CLDec 28, 2025

Improving Generalization in LLM Structured Pruning via Function-Aware Neuron Grouping

arXiv:2512.23014v11 citationsh-index: 26
Originality Incremental advance
AI Analysis

This addresses the computational and storage costs of LLMs for AI practitioners by improving pruning generalization, though it is incremental as it builds on existing pruning methods like FLAP and OBC.

The paper tackles the problem of limited generalization in post-training structured pruning for Large Language Models (LLMs) when calibration sets are biased, proposing Function-Aware Neuron Grouping (FANG) to improve downstream accuracy while preserving language modeling performance, achieving state-of-the-art results with 1.5%--8.5% higher average accuracy under 30% and 40% sparsity compared to existing methods.

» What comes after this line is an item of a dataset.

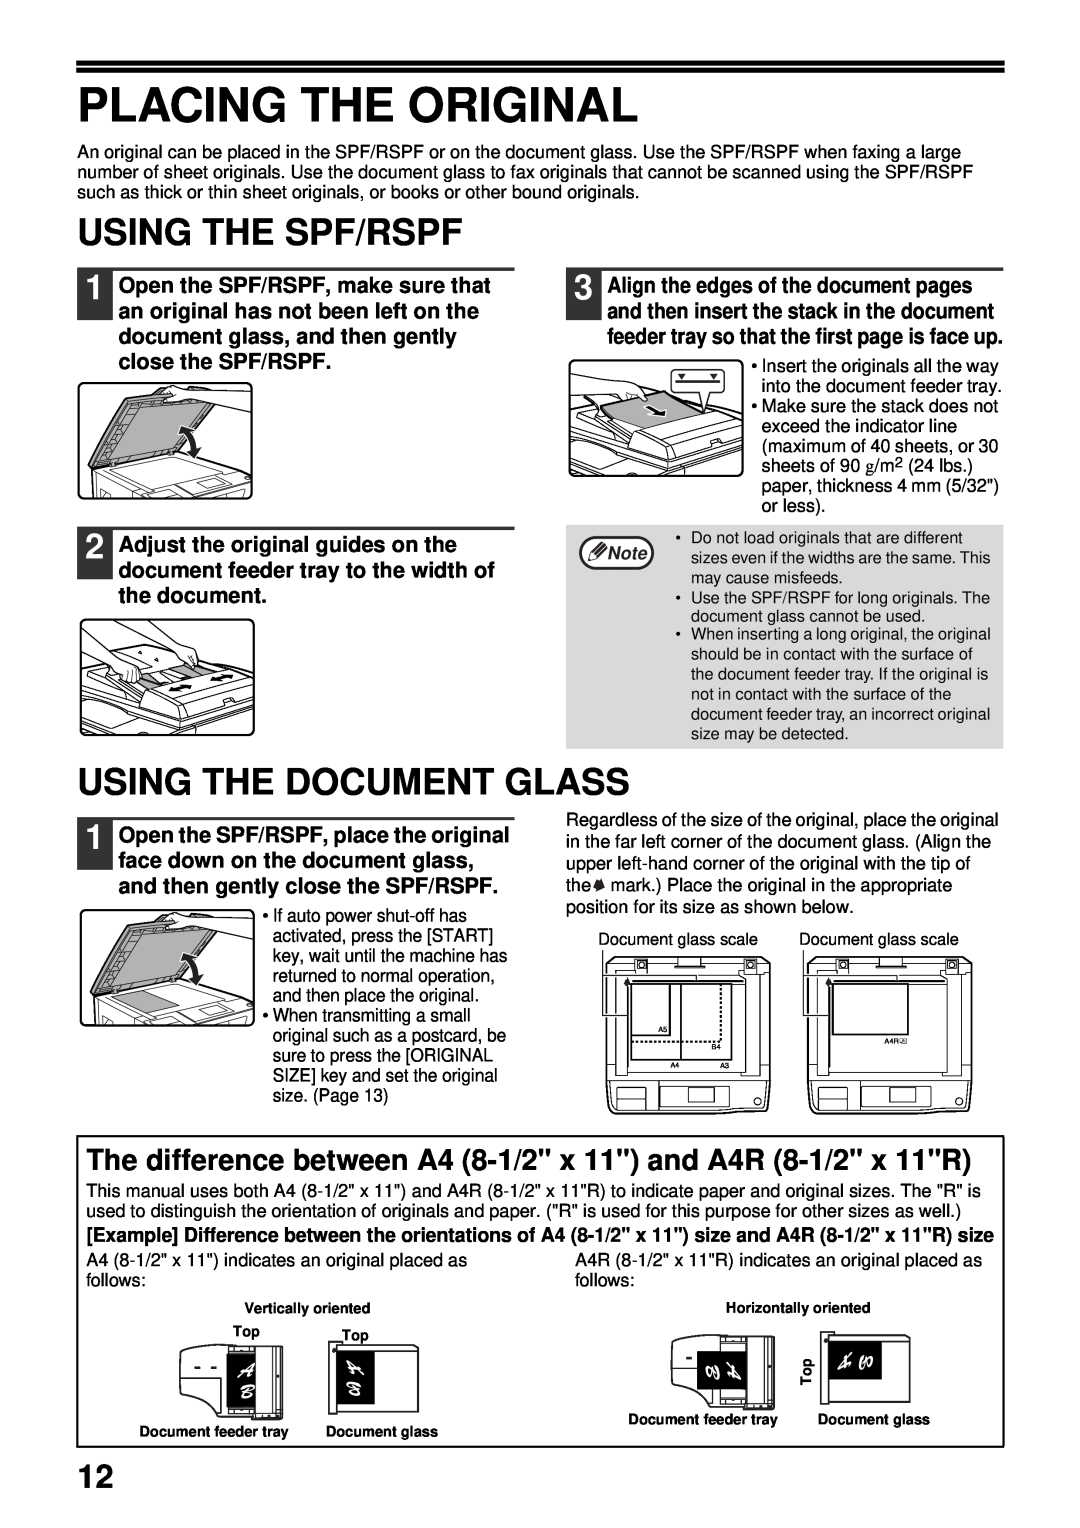 Sharp MX-FX13 appendix Placing The Original, Using The Spf/Rspf, Using The Document Glass

Large Language Models (LLMs) demonstrate impressive performance across natural language tasks but incur substantial computational and storage costs due to their scale. Post-training structured pruning offers an efficient solution. However, when few-shot calibration sets fail to adequately reflect the pretraining data distribution, existing methods exhibit limited generalization to downstream tasks. To address this issue, we propose Function-Aware Neuron Grouping (FANG), a post-training pruning framework that alleviates calibration bias by identifying and preserving neurons critical to specific function. FANG groups neurons with similar function based on the type of semantic context they process and prunes each group independently. During importance estimation within each group, tokens that strongly correlate with the functional role of the neuron group are given higher weighting. Additionally, FANG also preserves neurons that contribute across multiple context types. To achieve a better trade-off between sparsity and performance, it allocates sparsity to each block adaptively based on its functional complexity. Experiments show that FANG improves downstream accuracy while preserving language modeling performance. It achieves the state-of-the-art (SOTA) results when combined with FLAP and OBC, two representative pruning methods. Specifically, FANG outperforms FLAP and OBC by 1.5%--8.5% in average accuracy under 30% and 40% sparsity.